We may find out how Warren sells in places where factory owners who built companies that provide jobs are valued, not derided.
Elizabeth Warren is emerging as the symbol of “resistance” to Trump, despite the attempts of Clinton World to slide Chelsea into that slot.
That’s not by chance.
Republicans are desperate to find someone to run against in 2018. Republicans need a new foil.There is no obvious Democrat to run against, because there are no big name national Democrats left. Pelosi and Schumer are old news. Bernie has had his day in the sun.
Warren fits the bill.
First,Warren has a tainted public image because of her Cherokee problem — her claim as she was climbing the law professor ladder to Harvard Law School that she was Native American. There is no evidence that Warren has any Native American ancestry, and she never even tried to live as a Cherokee. She only started claiming to be Native American in her 30s, and behind the scenes in a way that would make her more attractive to law schools seeking faculty diversity.
Warren deserved to be mocked for what she did, but I don’t agree with calling her “Fauxchohontas” or any of the other pejoratives that people — including Trump — use to mock her. It’s insulting to real Native Americans and Cherokee, including the Cherokee researchers like Twila Barnes who have done the hard research to prove that Warren’s Native American story was just a story. I think it’s a mistake to use such verbiage, additionally, because it allows Warren to distract from what she did to exploit Native Americans and then to drop them after she obtained tenure at Harvard.
Second, Warren is a monied-socialist, even worse than Bernie. She goes on and on about how the system is rigged, but she has been involved in and beneficiary of that rigging. We have documented the counter-narrative of her life story at ElizabethWarrenWiki.org, from representation of corporations against the little guy and gal, to the accumulation of great wealth that she tries to hide. There is a lot more data to be mined.
Third, Warren’s class warfare rhetoric won’t sell nationally. Warren can rant about how factory owners didn’t built their companies on their own, but that narrative is anathema to an economy desperate for factory jobs, particularly in swing states in the midwest and non-coastal portions of states like Pennsylvania.
Fourth, Warren is viewed with suspicion by the Bernie wing of the party because she sat out almost all of the primary, and endorsed Hillary in the end (but only when it was clear Hillary would win anyway).
So bring it all together, and Republicans should want to run against Warren. That goal fits nicely with Mitch McConnell raising Warren’s national profile by cutting off one of her rants in the Senate. The pussy-hat Women’s March crowd now adores Warren as a symbol of someone who persisted, but those are almost entirely liberals already.
Democrats, by contrast, desperately need a rock star. For all the reasons Republicans want to run against Warren, liberals want Republicans to run against Warren. In many ways she’s the epitome of the modern liberal — sharp tongues, “nasty” and proud of it, with the sharp elbows she’s always had since her time in academia.
Warren’s Twitter fights with Trump must make liberals feel good, but I’m not so sure they do anything other than pidgeon-hole Warren into someone who offers no personality alternative, and who is a whole less likeable than Trump in the eyes of swing voters.

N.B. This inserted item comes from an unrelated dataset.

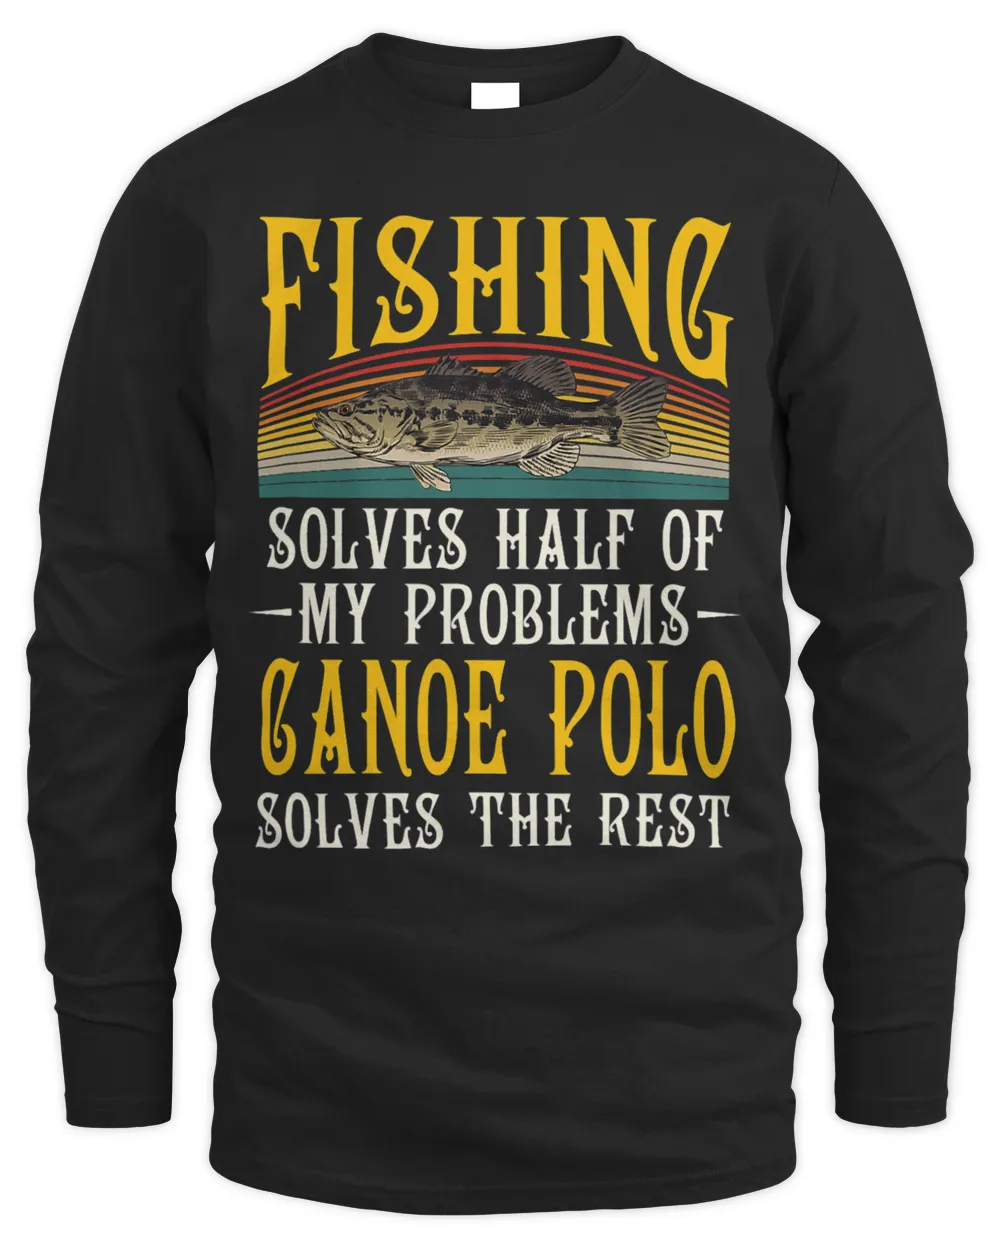 Canoe Polo Solves the Rest of My Problems Fishing Hobby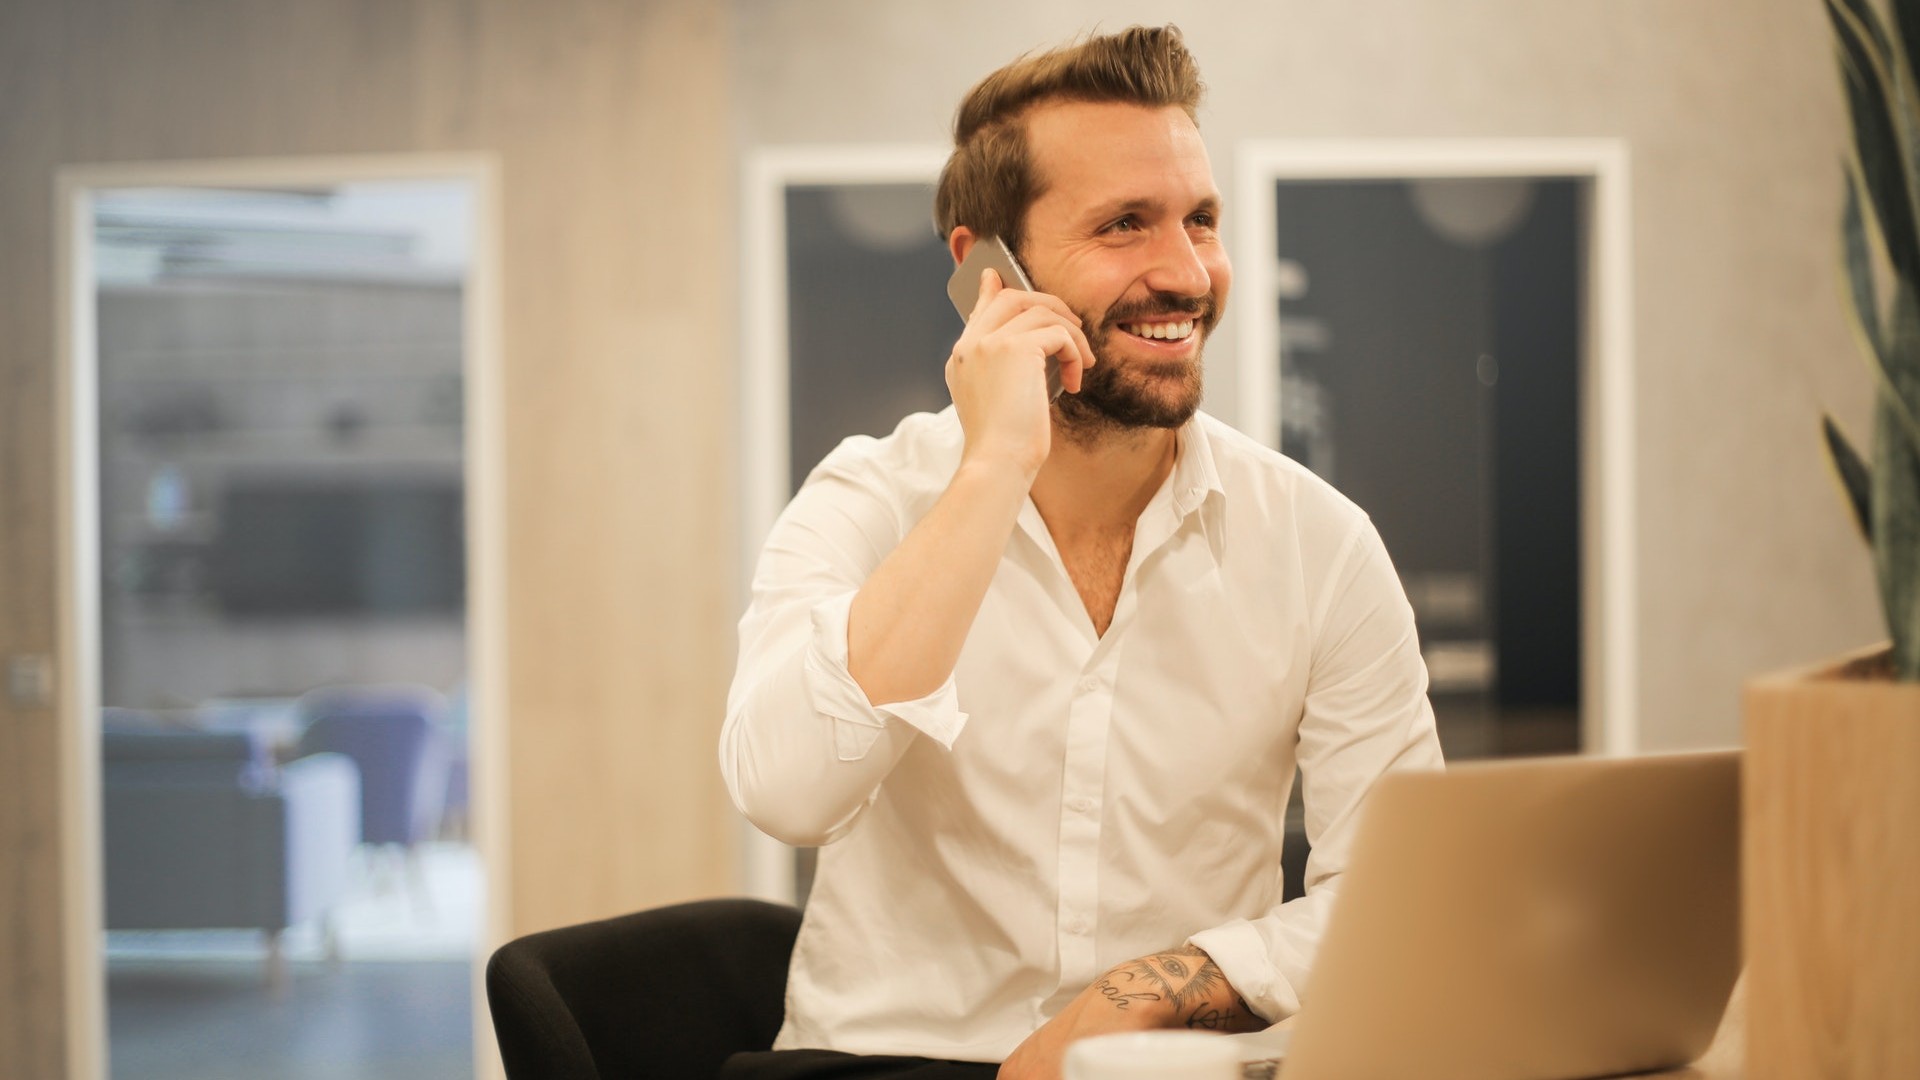 Smiling man talking on the phone in the office

Mother Jones is picking up on this dynamic, Republicans Are Trying to Raise Elizabeth Warren’s Profile. So Are Democrats:
But there were some who theorized that McConnell was, as ever, two steps ahead. Reporters and pundits debated whether McConnell had intentionally elevated Warren’s public profile because he wants the Democratic Party to be defined by one of its most liberal members. Not long after, a report in Politico corroborated this theory: Republicans have decided to use Warren as a sort of boogeyman ahead of the 2018 midterm elections, when 10 Democratic senators are up for reelection in states Donald Trump won. By late February, the committee tasked with electing Republicans to the Senate launched digital ads attacking vulnerable Democrats by stating how often they had voted with Warren….
What’s strange about Warren is that both parties seem to agree that she should be in the spotlight. Democrats say they welcome Republicans’ decision to elevate one of their most populist voices. Ultimately, they believe Republicans’ strategy will backfire because Warren’s reputation and message resonate across the country.
What this means is that Elizabeth Warren will be at the center of coming political fights. She’s led a charmed life in academia, and in liberal Massachusetts.
We know Warren will sell well on the coasts, and will not sell well in the South. In 2018 we’ll find out how Warren plays in the “Alabama” section of Pennsylvania and across the midwest, where factory owners who built companies that provide working class jobs are valued, not derided.